--- Task description ---
Please, without any pictures, transcribe the lines from the one holding "Bildmotiv: Chor mit singenden Jugendlichen" to the end of the listing, both ends included.

(Material shown Opens)

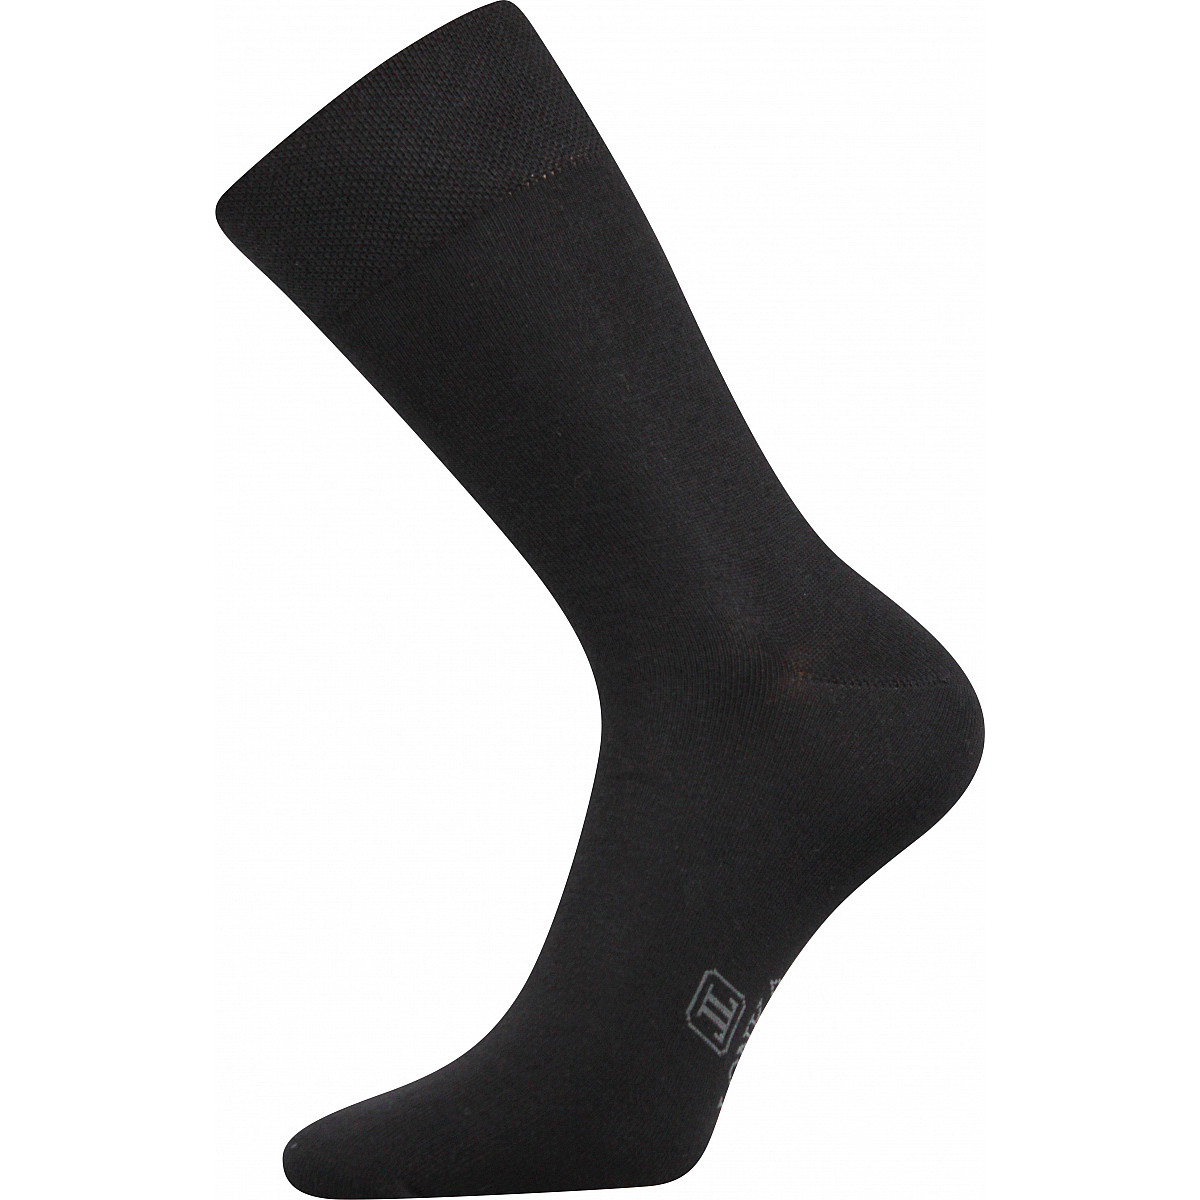 Ponožky pánské Lonka Decolor - černé, 39-42
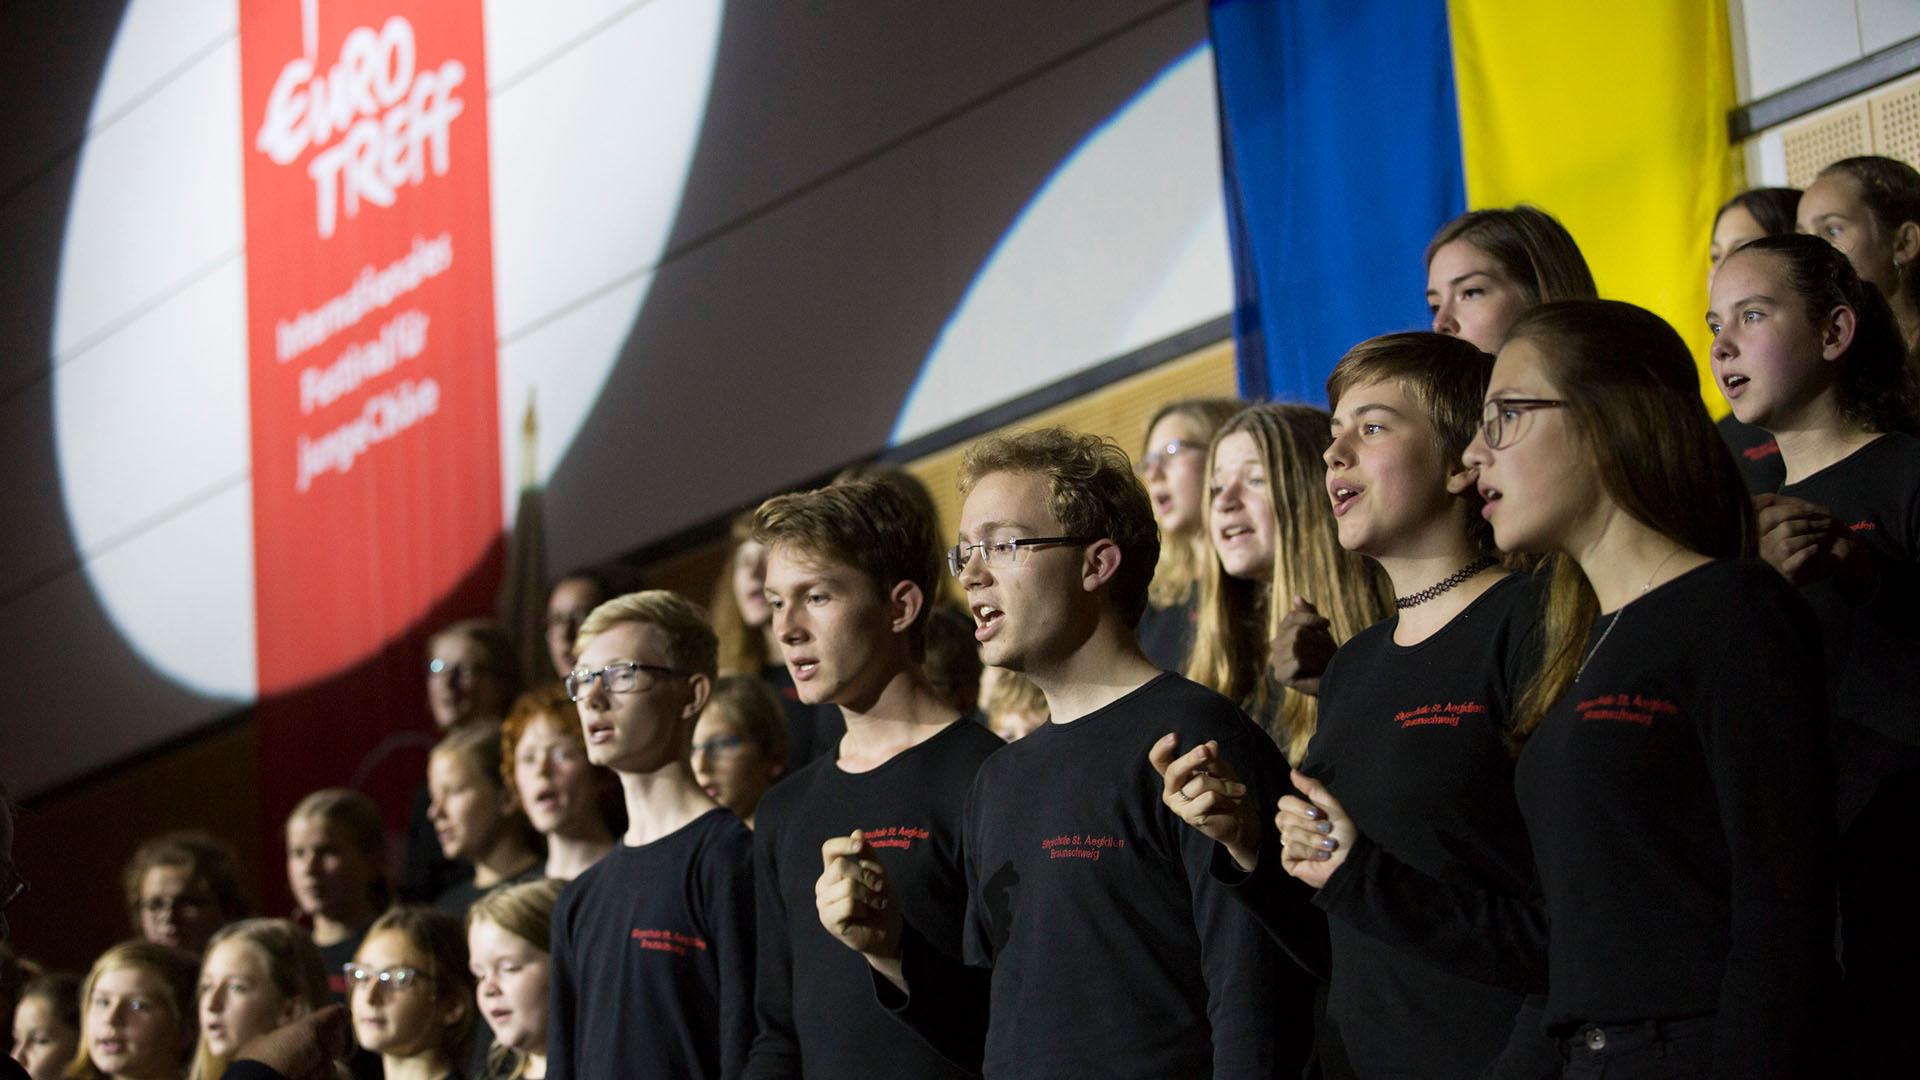 Link zu Veranstaltungsinfos zum Eurotreff.
Bildmotiv: Chor mit singenden Jugendlichen
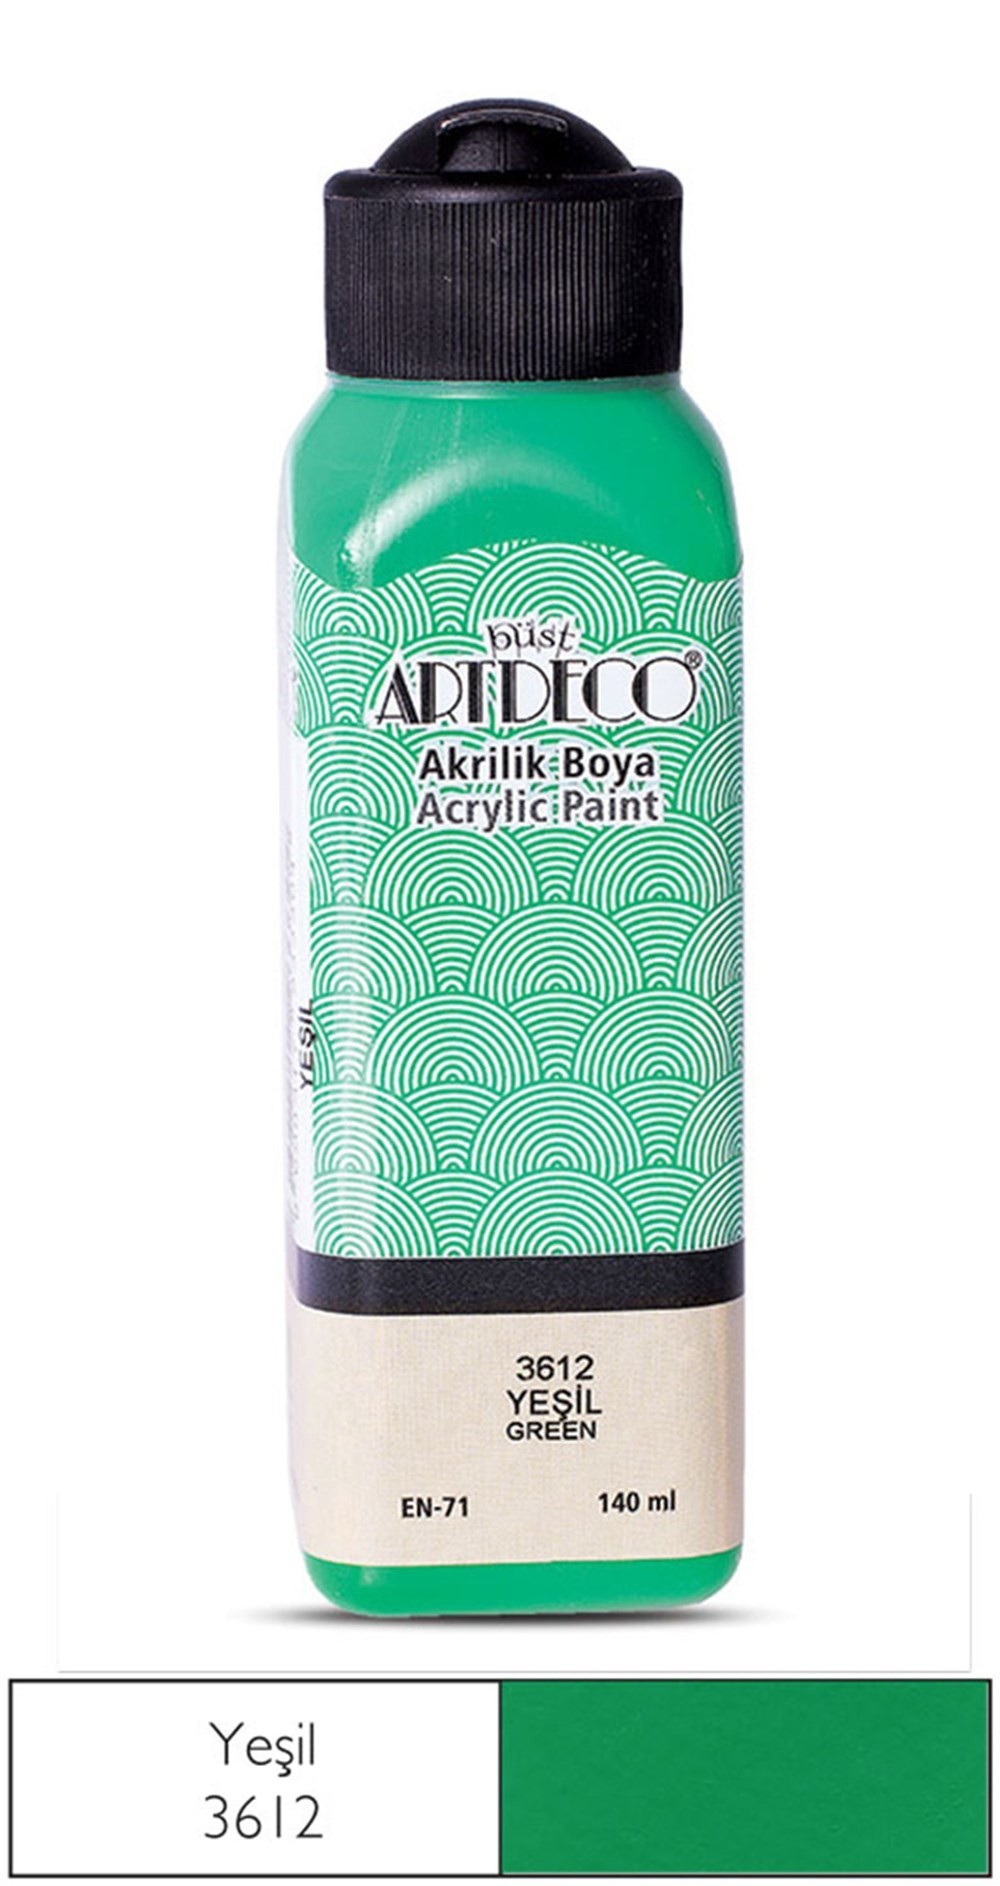 Artdeco Akrilik Boya 140 ml 3612 Yeşil
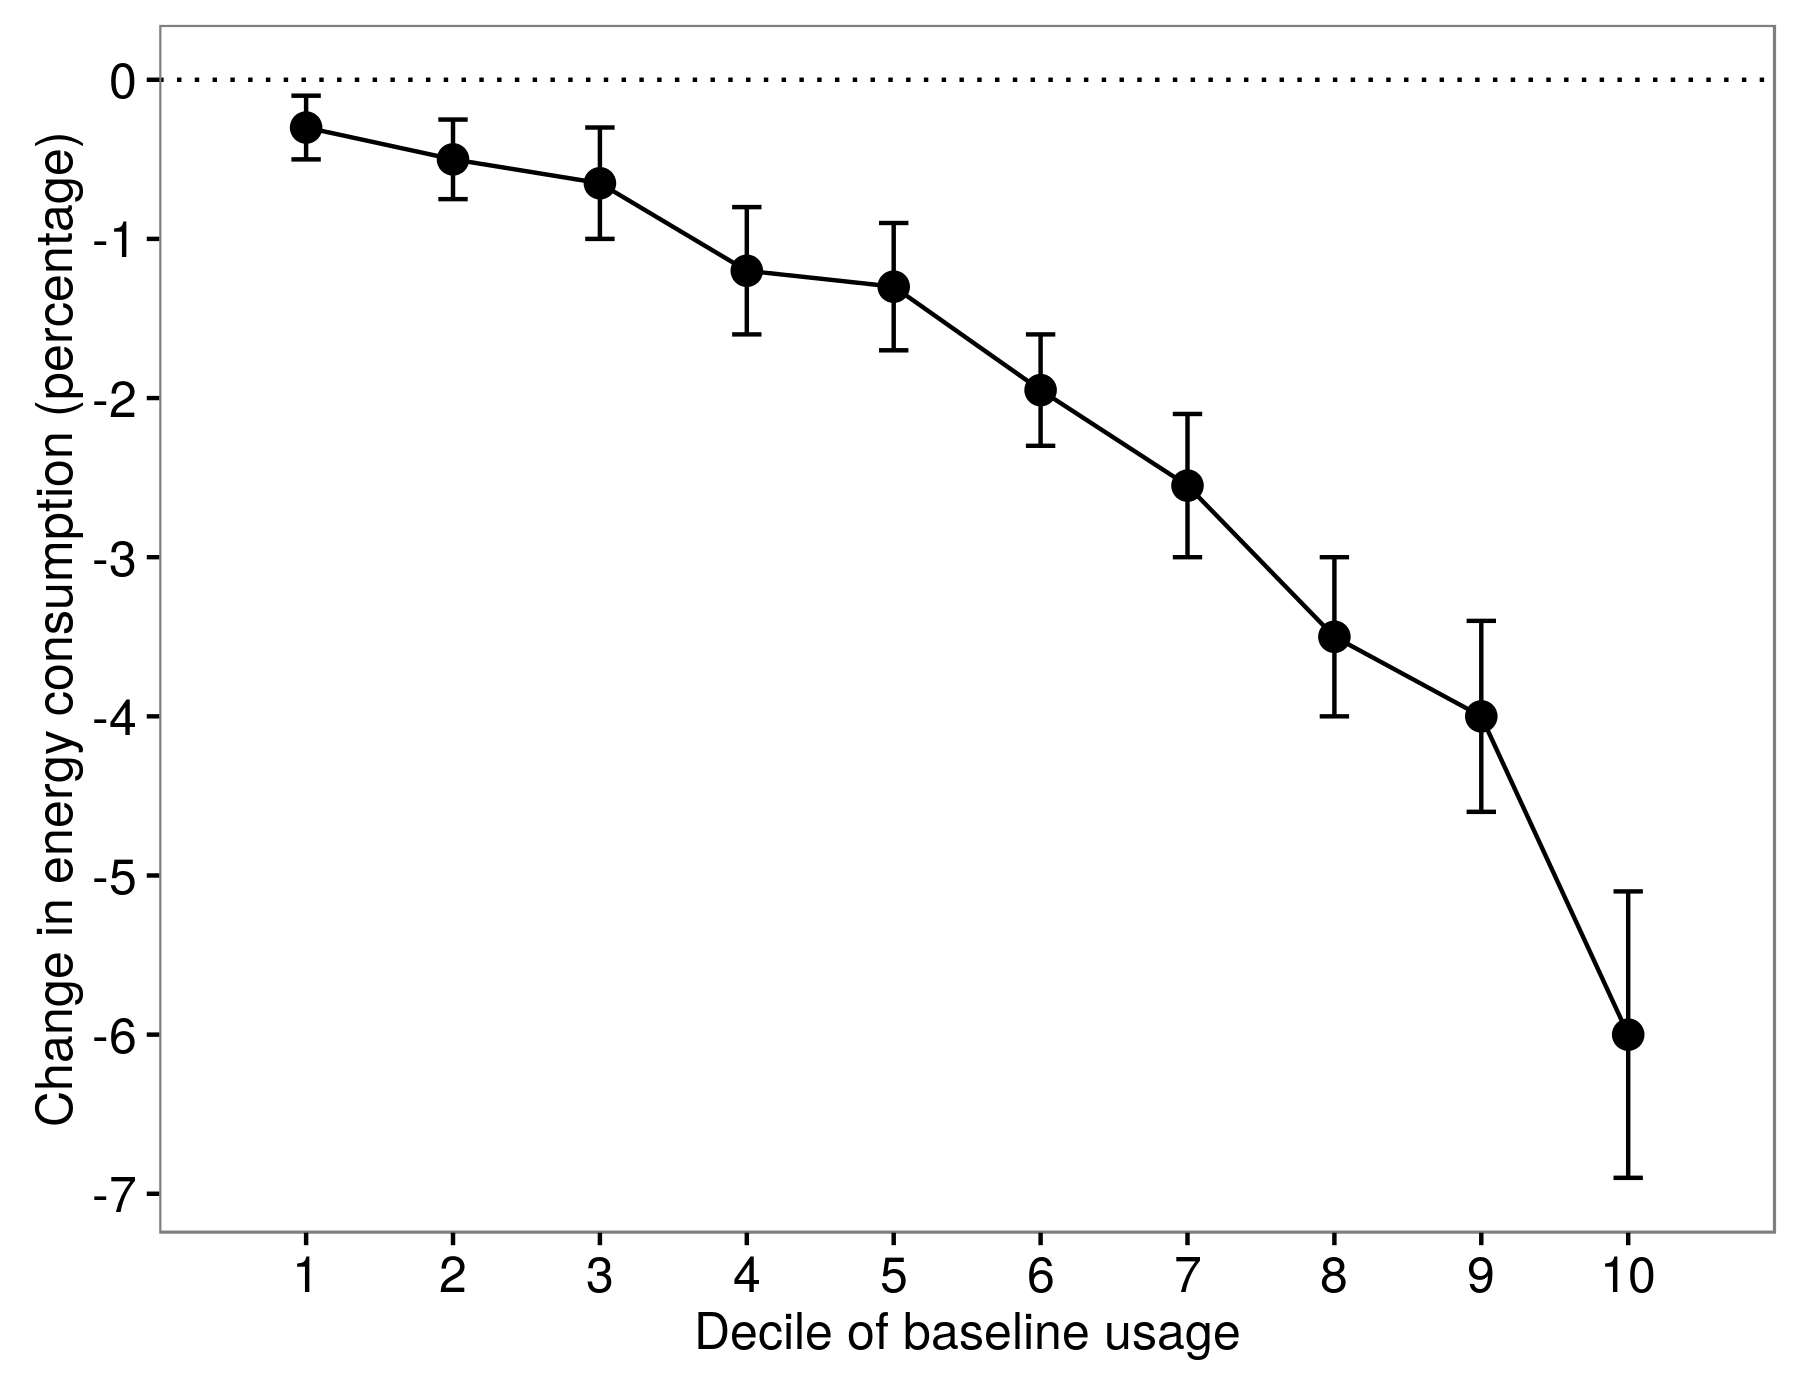 4.8 pav. Gydymo efektų heterogeniškumas Allcott (2011). Mažesnis energijos vartojimas žmonėms skiriasi skirtingais pradiniais vartojimo deciliais. Pritaikytas iš "Allcott" (2011 m.), 8 pav.

(Material shown Closes)

--- Answer to this task ---
Bildmotiv: Chor mit singenden Jugendlichen
 Artdeco Akrilik Boya 140 ml 3612 Yeşil
 4.8 pav. Gydymo efektų heterogeniškumas Allcott (2011). Mažesnis energijos vartojimas žmonėms skiriasi skirtingais pradiniais vartojimo deciliais. Pritaikytas iš "Allcott" (2011 m.), 8 pav.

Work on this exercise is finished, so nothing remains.